I had the model 106 VNS installed 6 months ago and started a type of Ketogenic duet under my medical teams supervision and my life quality of life has improved greatly, but... I still have seizures every now then. Whether it be nocturnal, absence, simple partials, sometimes grandmal. At least one type every wee. Mostly the not so bad type. We had to hire a guy to cut the grass. It's too much for me. I have to be careful outside that I don't overheat. I get exhausted just checking the mail or vacuuming a couple rooms.
All known by the doc btw. I now have tinnitus thanks to the pills.
But... I wake up everyday and I love the Lord. He has blessed me in other ways, this epilepsy has drawn me closer to him, everthings gonna be alright.

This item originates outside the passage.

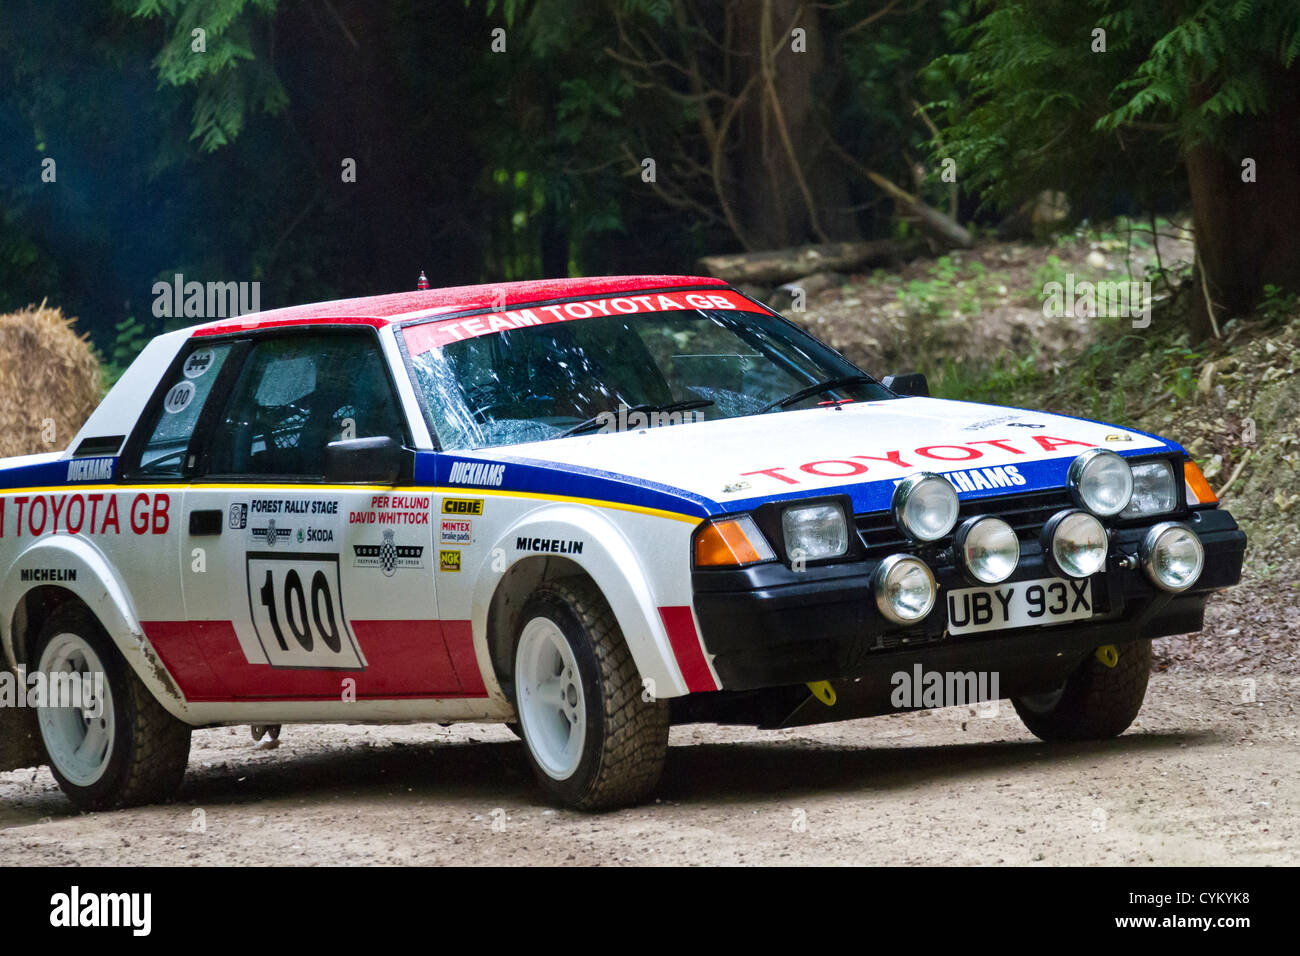 1981 Toyota Celica 2000GT Twin Cam with driver Jeffrey Lotts. 2012 Goodwood Festival of Speed, Sussex, UK. Stock Photo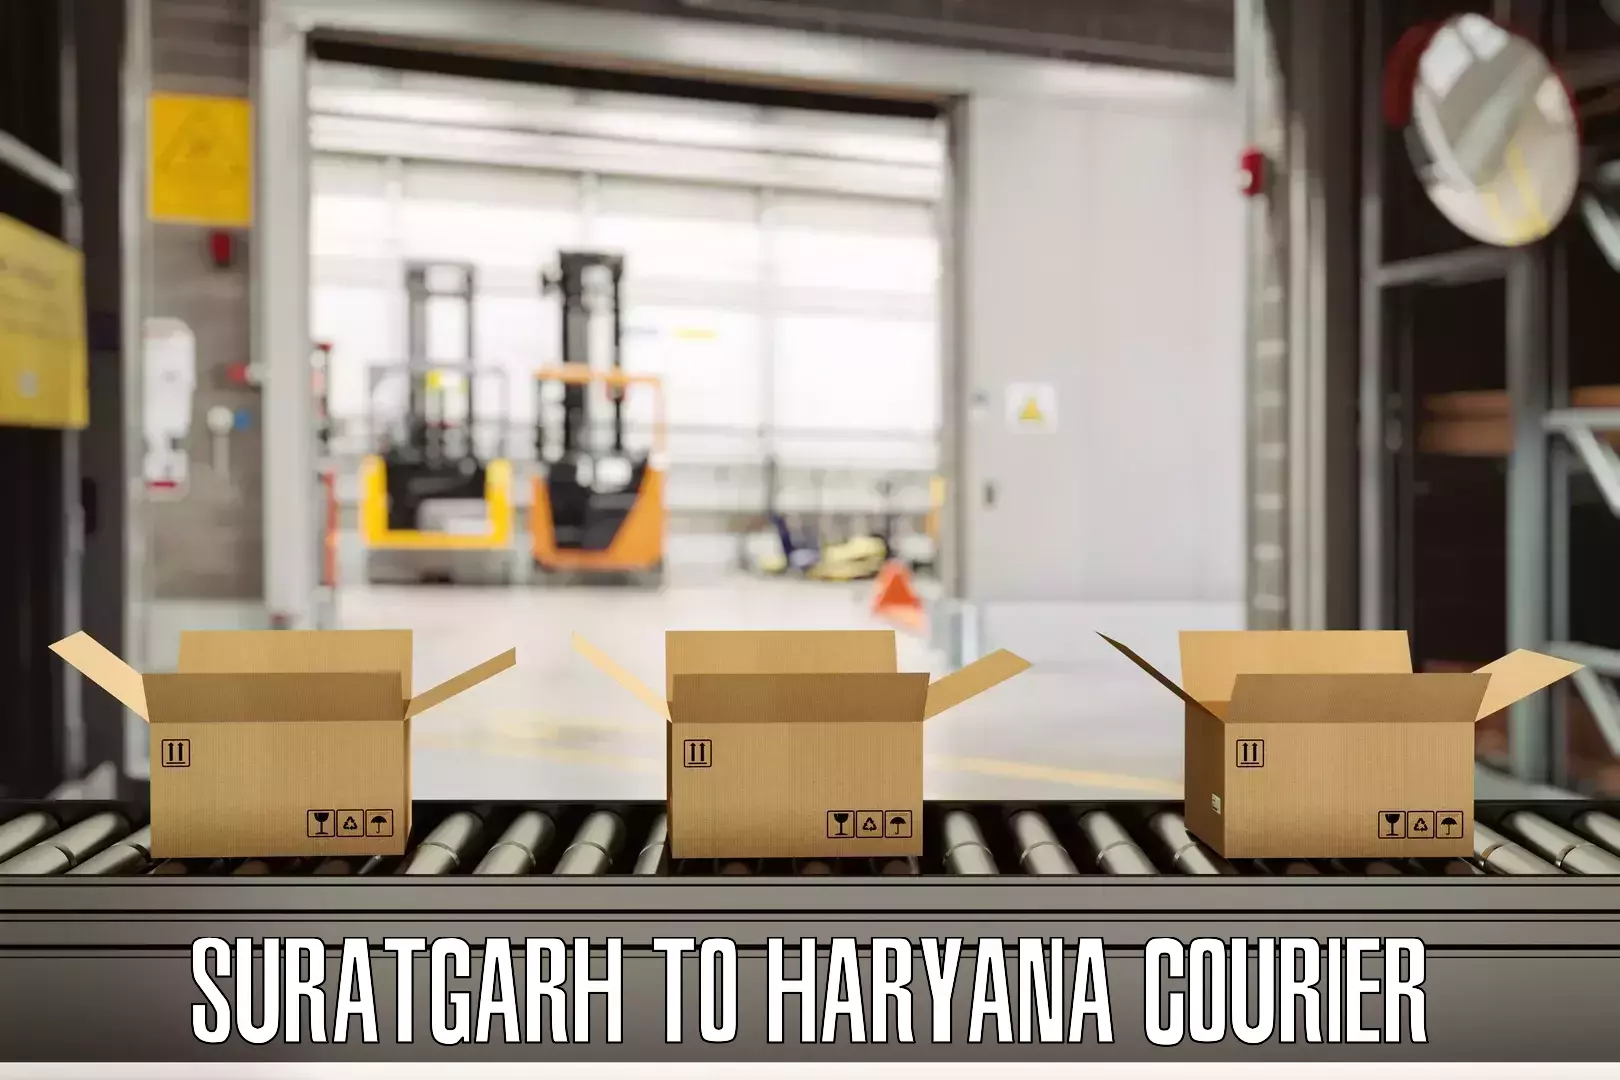 Luggage shipment specialists Suratgarh to NCR Haryana

edited, originally posted about 2 years ago
A MyEpilepsyTeam Member said:

Epilepsy helped me understand others who need extra love and care. I have a friend who has anxiety and depression like me. Her story is different from mine but we understand each other. Me and her are thankful for experiencing trial. We can now listen and understand others.

posted about 2 years ago
A MyEpilepsyTeam Member said:

Having epilepsy since a baby to present, a part of my life. I had to adjusted it , learn more about Epilepsy from my Dr. , Books, and other people with this disorder and compare the simllaritles and the differences.

Growing up with Epilepsy is just a fact of life . We have to try and keep learning, finding ways to cope, and maybe get a support group meeting going. Whether it be by an Epilepsy Organization or a independent group looking for others who want support.

posted about 2 years ago
A MyEpilepsyTeam Member said:

Being able to communicate with each other is a great way of making new friends, understanding others and gaining more information and knowledge on several ways to deal with epilepsy... Hang in there!